If you’re ever invited to dinner with the Lopps 9 times out of 10 we’ll probably be having tacos, taco salads, fajitas, tostadas and any other way we can throw meat on a tortilla. Of course no Mexican dish is complete without salsa and since I can eat salsa by the spoonfuls I’m canning salsa like a squirrel hordes acorns for the winter!
I was so excited to find some great canning recipes in my July issue of Better Homes and Gardens. They had all kinds of great tips as well so if you missed out you should really see if you can get a back order or borrow someone who has a subscription. I was so impressed with their photos and detailed descriptions I decided to give their Chunky Tomato Salsa a try.
STAGE 1: Prepare Tomatoes
Seed, core and coarsely chop tomatoes (about 15 cups). Feel free to make the tomatoes as chunky as you prefer. You can also plan on throwing your salsa into the blender before serving so that you don’t have to chop the tomatoes into bite size pieces, which can be very time consuming. Place tomatoes in a large colander and let drain for 30 minutes.

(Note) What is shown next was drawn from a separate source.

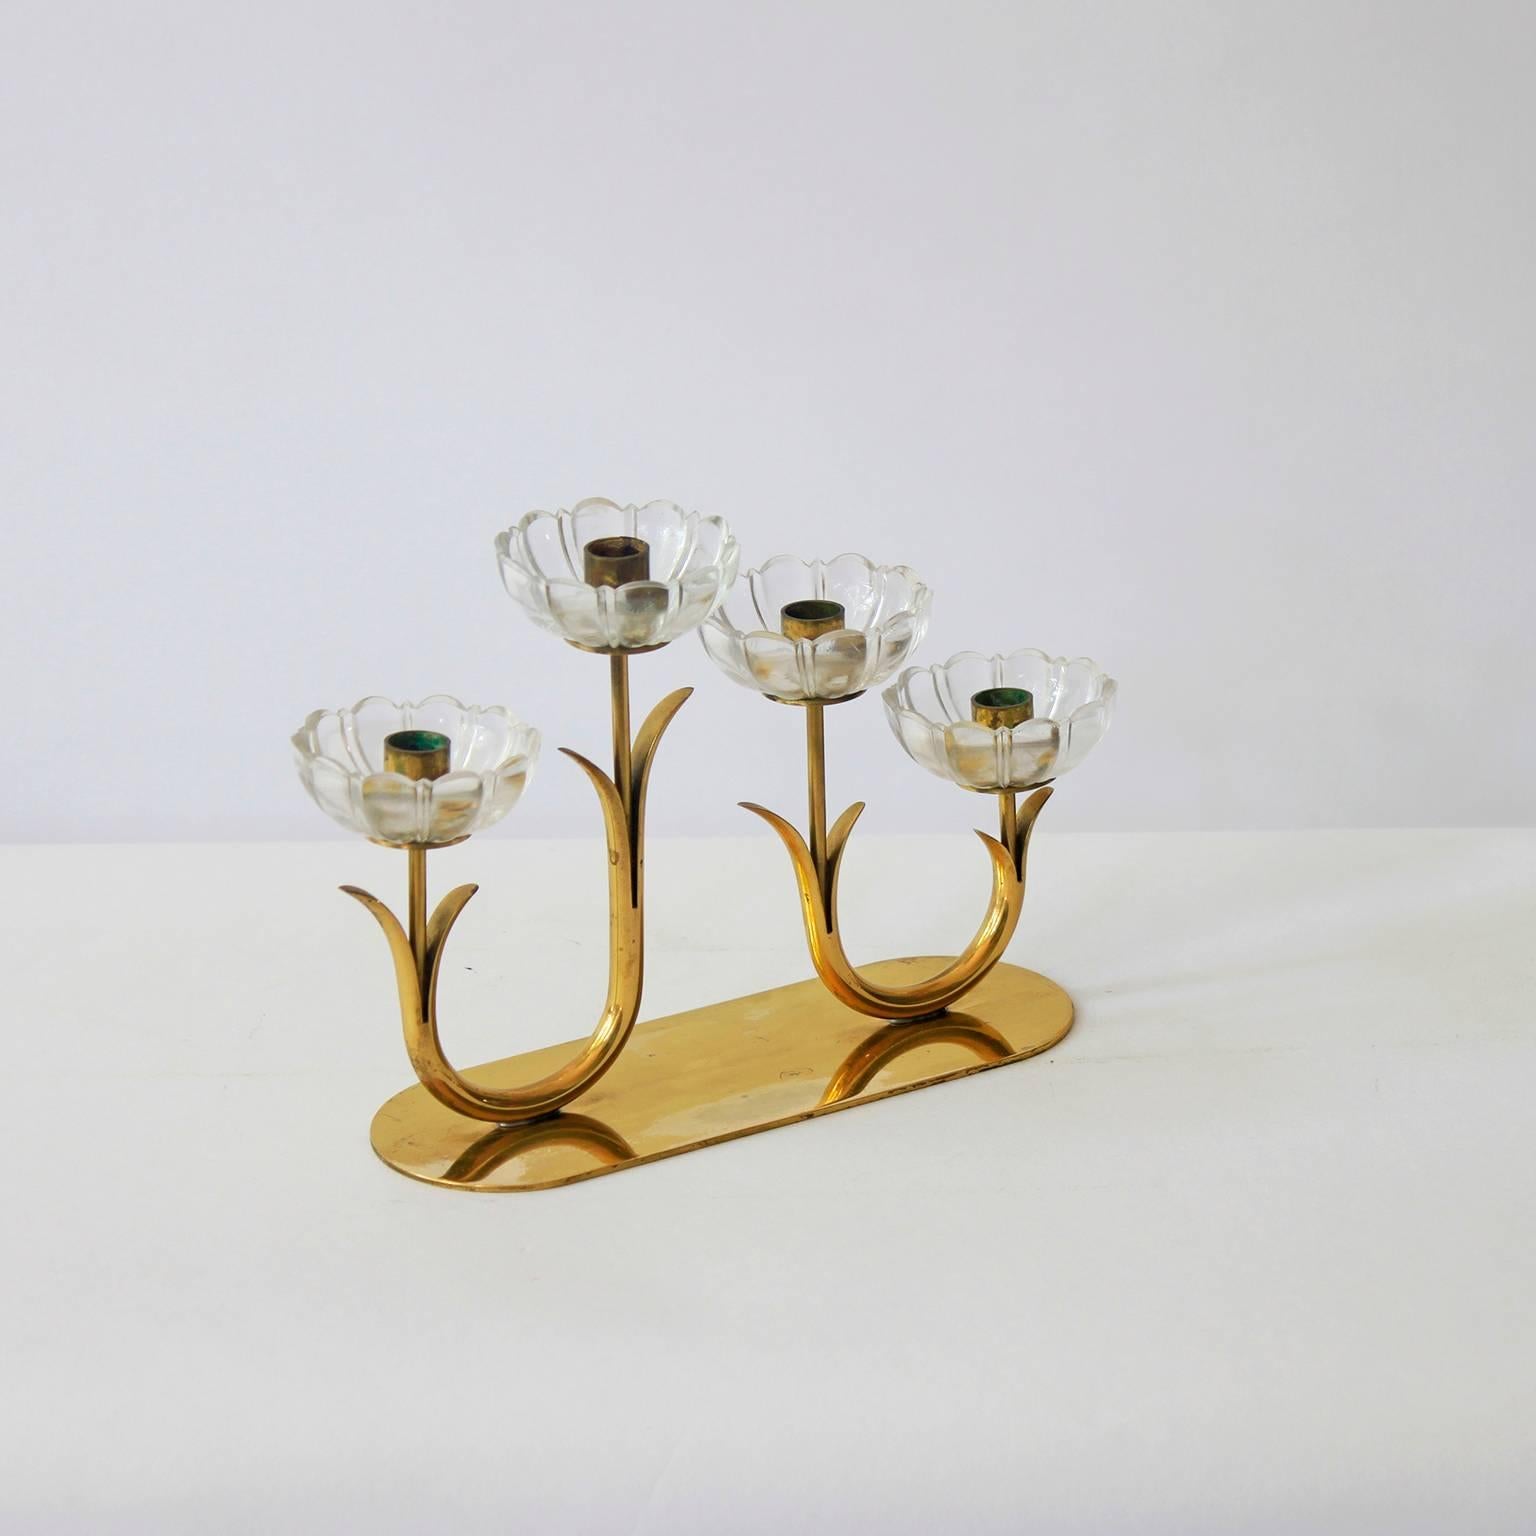 An elegant Swedish brass and glass flower candleholder comprising four clear glass flowers arranged on a brass platter. Designed by Gunnar Ander and marked by the manufacturer, Ystad Metall, on the base.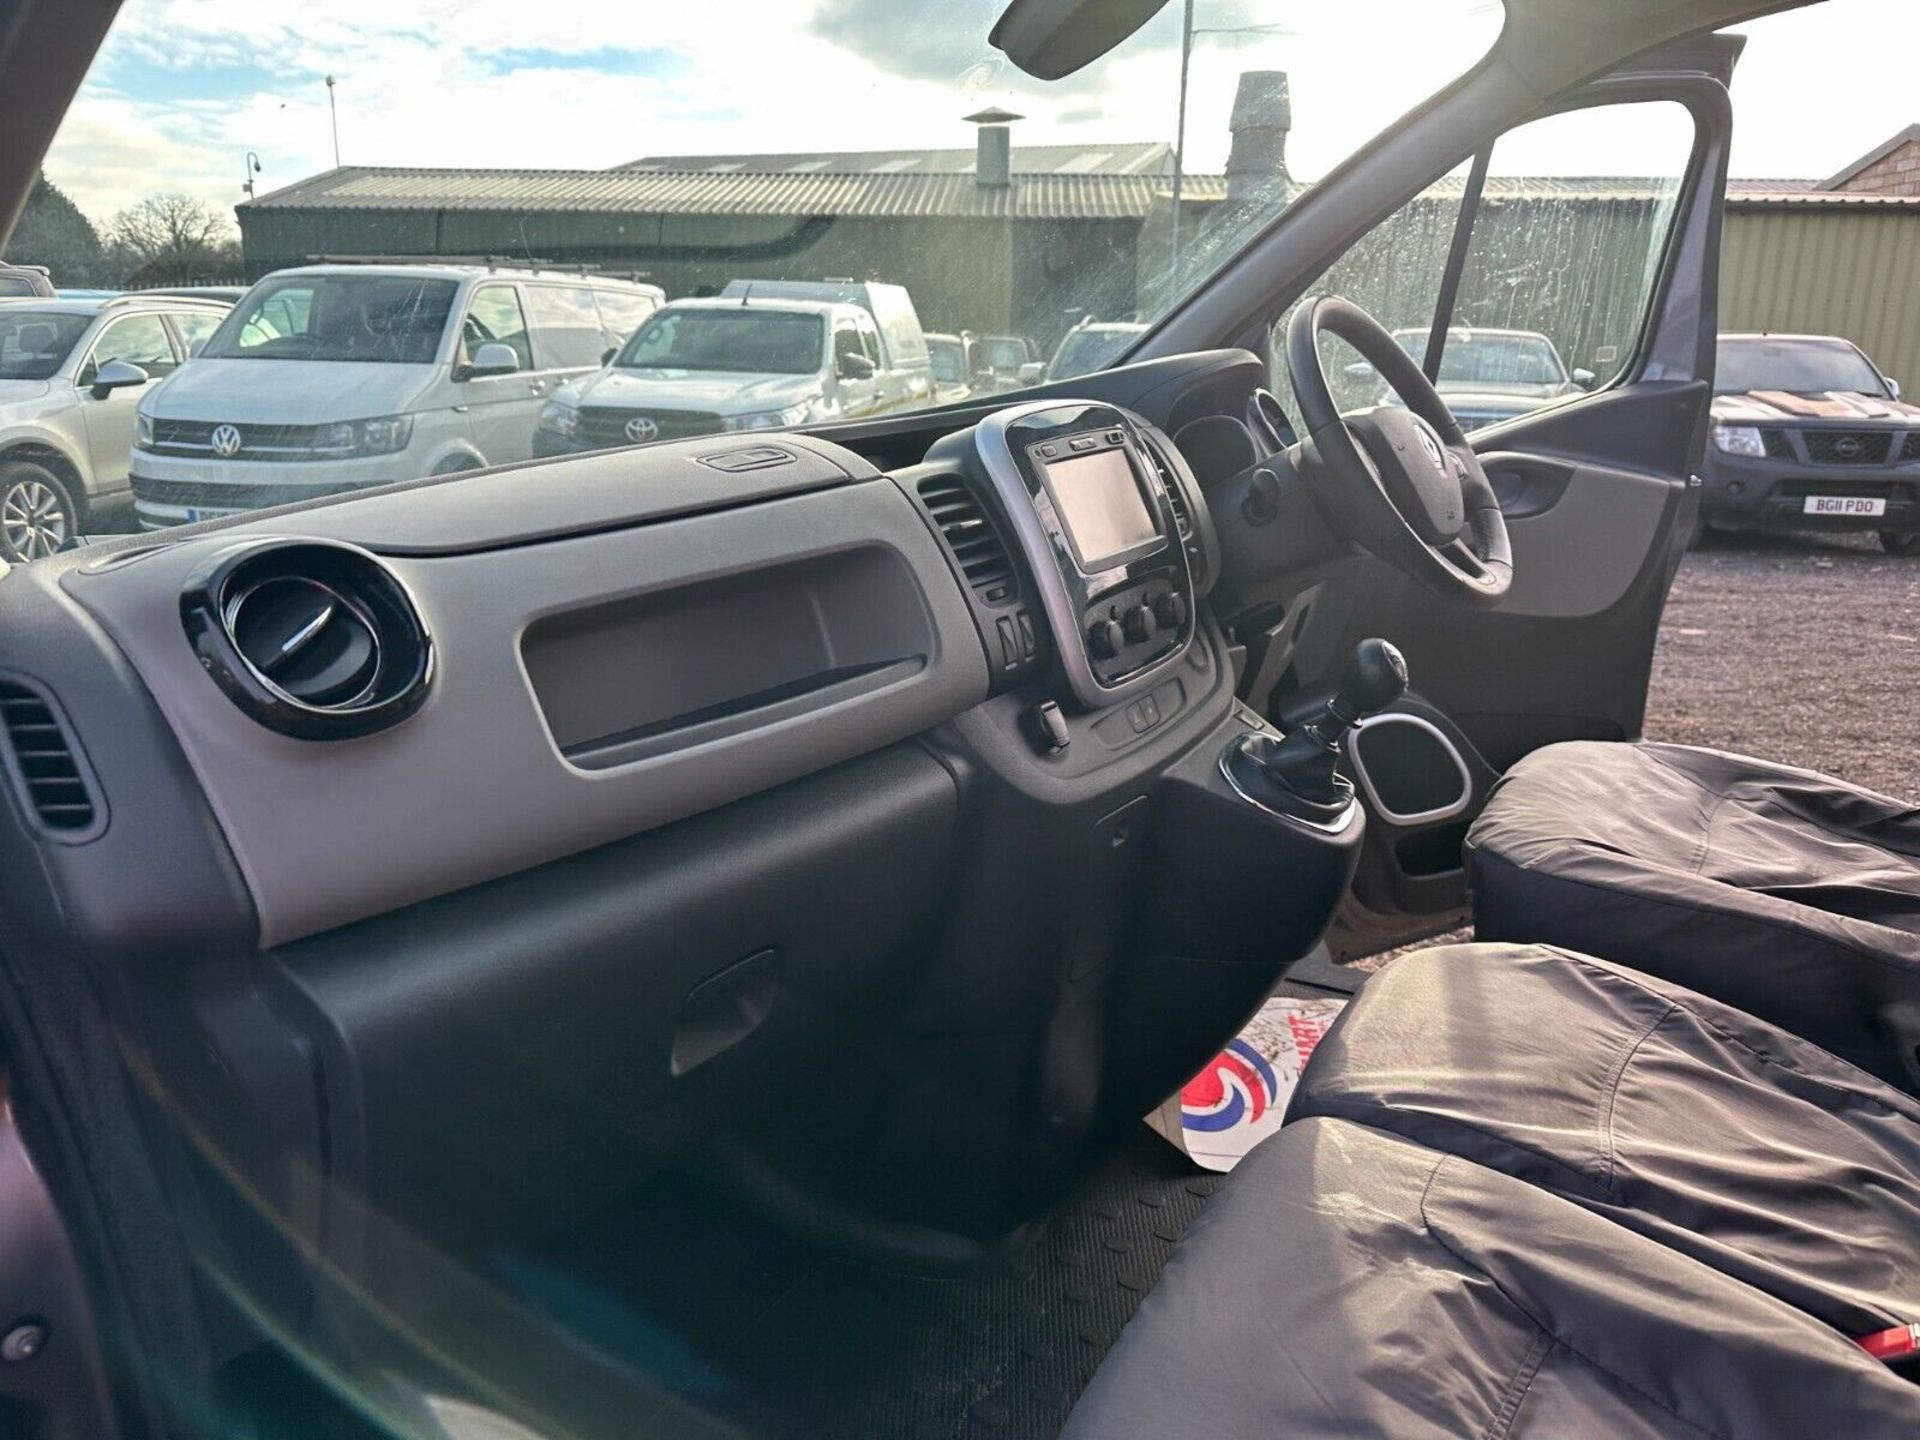 >>--NO VAT ON HAMMER--<< RENAULT TRAFIC REVIVAL: CLEAN BODY, INTERIOR - REPAIR OPPORTUNITY - Image 2 of 16

Using a 7-8 qt. pot, bring tomatoes to a boil and reduce heat. Boil gently, uncovered for about 1 1/2 hours or until desired consistency, stirring occasionally.
* I would recommend preparing stage 2 while stage 1 is cooking. Chopping all the ingredients is very time consuming and may take the entire hour and half to prepare.
STAGE 2: Combine all Ingredients
Add chopped peppers, onions, lime juice, vinegar, tomato paste, minced garlic, cumin seeds, and 1 tsp. each salt and pepper. Return to a boil, reduce heat. Simmer, uncovered for 10 minutes and remove from heat.
Stir in cherry tomatoes (halved) and cilantro.
STAGE 3: Presterilize the jars
Using a boiling water canner (or large pot) boil 2-4 inches of water. Once boiling, slowly lower the jars one at a time with a canning rack (or with grilling tongs) and let boil for 2-5 minutes. Pull jars out and set aside.
STAGE 4: Fill jars with Salsa
Use a ladle or a glass liquid measuring cup to pour salsa into each hot, clean jar along with a canning funnel. Leave a 1/2 inch headspace at the top. Wipe jar rims and top with lids immediately.
* Grandma always has a wet rag handy to help hold onto hot, wet jars.
STAGE 5: Preserve the Salsa
Process the salsa in a boiling water canner (or large pot) for 15 minutes. Start timing when water returns to a boil. Remove jars and let cool for 24 hours on a cooling rack.
* Recipe says it makes about 5 pint jars, my salsa filled 4 quart jars…good luck on that one!
STAGE 6: Cool and Store the Jars
Remove jars and let cool for 24 hours on a cooling rack.
*Do not test lid tops until after 24 hours. Any jars that have lids pop back up after 24 hours will need to be kept in the refrigerator.
Just like our pickles, the final display is yet another colorful piece to keep your kitchen bright and fresh for those winter months! It’s hard to imagine that these may make great gifts for Christmas when people are looking for a good excuse to warm things up a bit!
• 8 lbs. ripe tomatoes (about 16)
• 2 cups seeded and chopped Anaheim or poblano chile peppers (2 to 3)
• 1/3 to 1/2 cup seeded and chopped fresh jalapeno chile peppers (2 large)
• 2 cups chopped onions (2 large)
• 1/2 cup lime juice
• 1/2 cup white vinegar
• 1/2 of a 6-oz can (1/3 cup) tomato paste
• 5 cloves garlic, minced
• 1 tsp. cumin seeds, toasted and crushed
• 3 cups yellow or green cherry tomatoes, halved
• 3/4 cup torn fresh cilantro (or to taste)
• 4 quart jars w/ lids
• 2 large pots (I use an actual boiling water canner but you can use a large pot to preserve the salsa. Just make the sure the pot is tall enough to cover 1 inch of the jars with boiling water).
• cake cooling rack (old cookie sheet)
• wet rag
* Recipe taken from the July 2010 issue of Better Homes and Gardens
Wishing you the best of luck and incase things don’t turn out, let me know…I may have a couple of extra jars lying around.